Эллен вздрогнула, потому что собеседник говорил так убежденно, с такой простодушной откровенностью, что при всей игривости ума она невольно поверила его словам. Посмотрев, куда указывал доктор, она в самом деле увидела несущегося по прерии зверя, который быстро и неуклонно надвигался прямо на них. Еще не совсем рассвело, и нельзя было различить его статей, но то, что можно было разглядеть, позволяло вообразить в нем свирепого хищника.
– Это он! Он! – закричал доктор, инстинктивно потянувшись опять за своими таблицами, между тем как его ноги выбивали дробь в отчаянном усилии устоять на месте. – Теперь, Эллен, раз уж судьба дает мне возможность исправить ошибки, сделанные при свете звезд… Смотри, пепельно-свинцовый… без ушей… рога огромнейшие!
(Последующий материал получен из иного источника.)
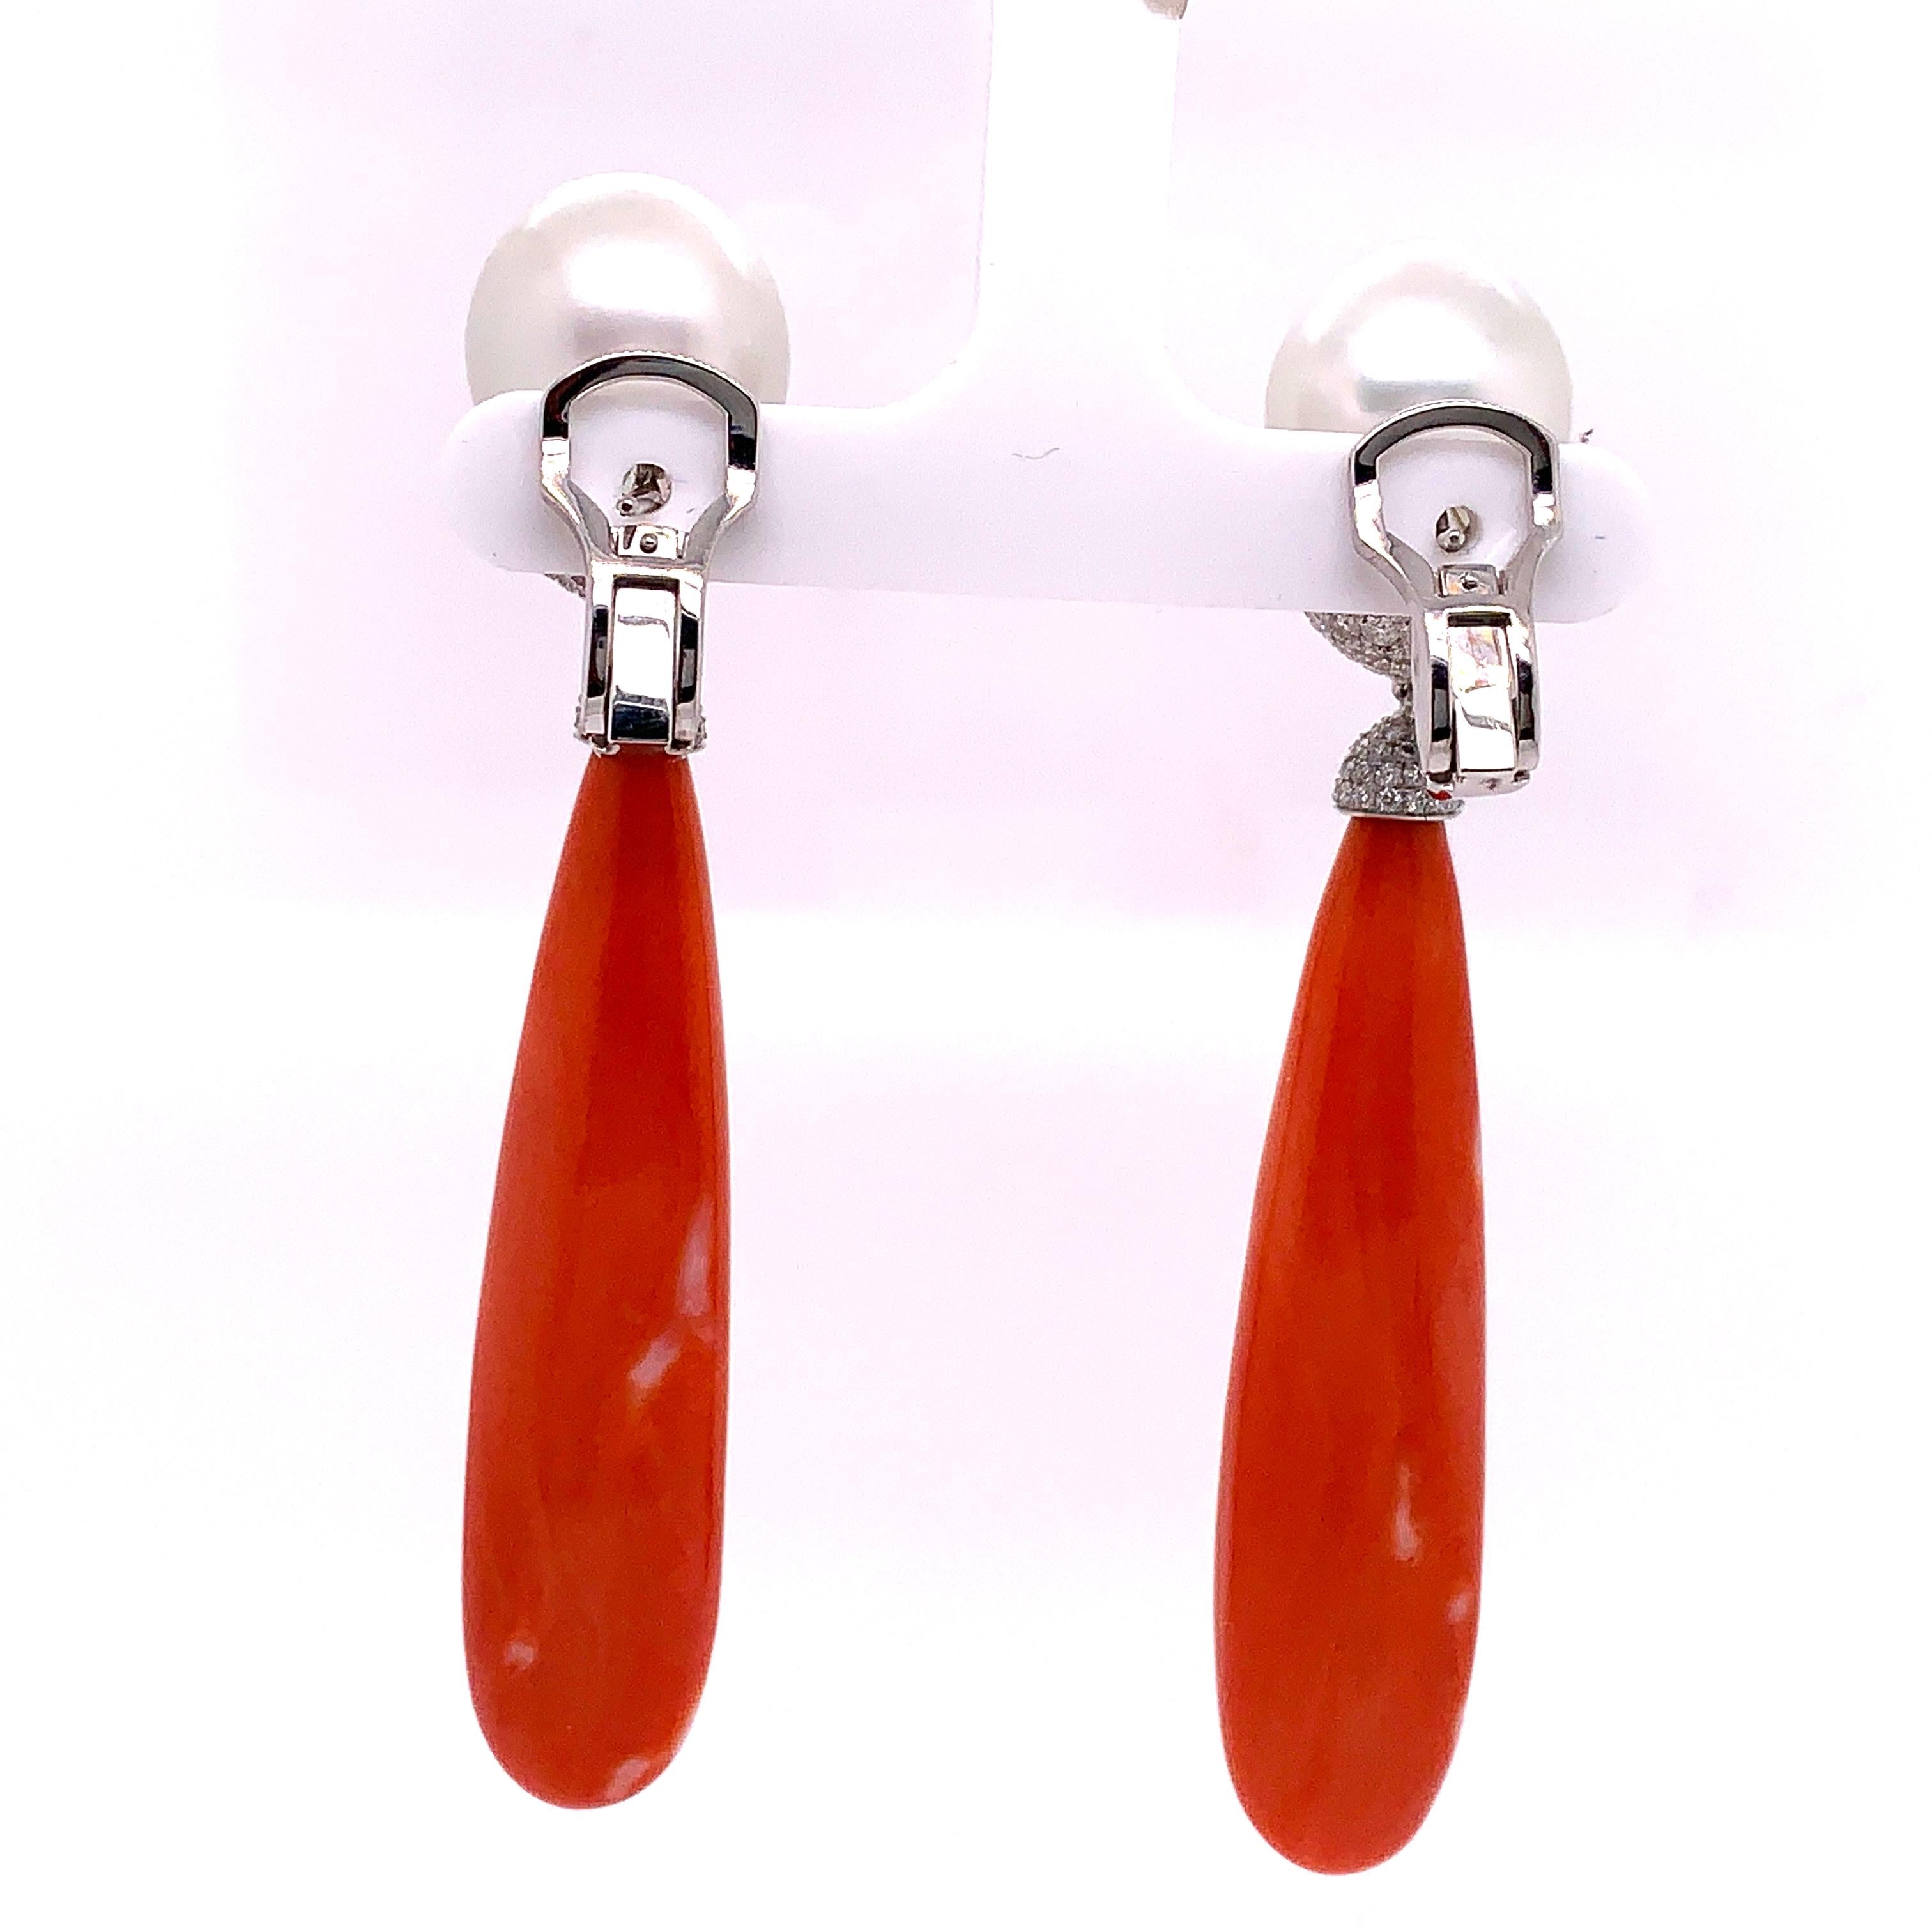 These unique coral and pearl drop earrings contain a pair of coral sticks with beautiful smooth and even color. Dangling from a pair of SOUTH SEA PEARLS (with measuremnets of 14.80-14.85 x 17.00mm and 14.35-14.40 x 17.95mm).

These natural oceanin

Голос его осекся, руки опустились при раздавшемся реве или скорее рыке, достаточно грозном, чтобы устрашить и более храброго человека, чем наш натуралист Крики животного странными каденциями раскатились по прерии, и затем наступила глубокая, торжественная тишина, которую вдруг нарушил взрыв безудержного девичьего смеха – звук куда более мелодический. Между тем натуралист стоял как истукан и без ученых комментариев, безоговорочно и беспрепятственно позволял рослому ослу, от которого он уже не пытался оградиться своим хваленым фонарем, обнюхивать его особу.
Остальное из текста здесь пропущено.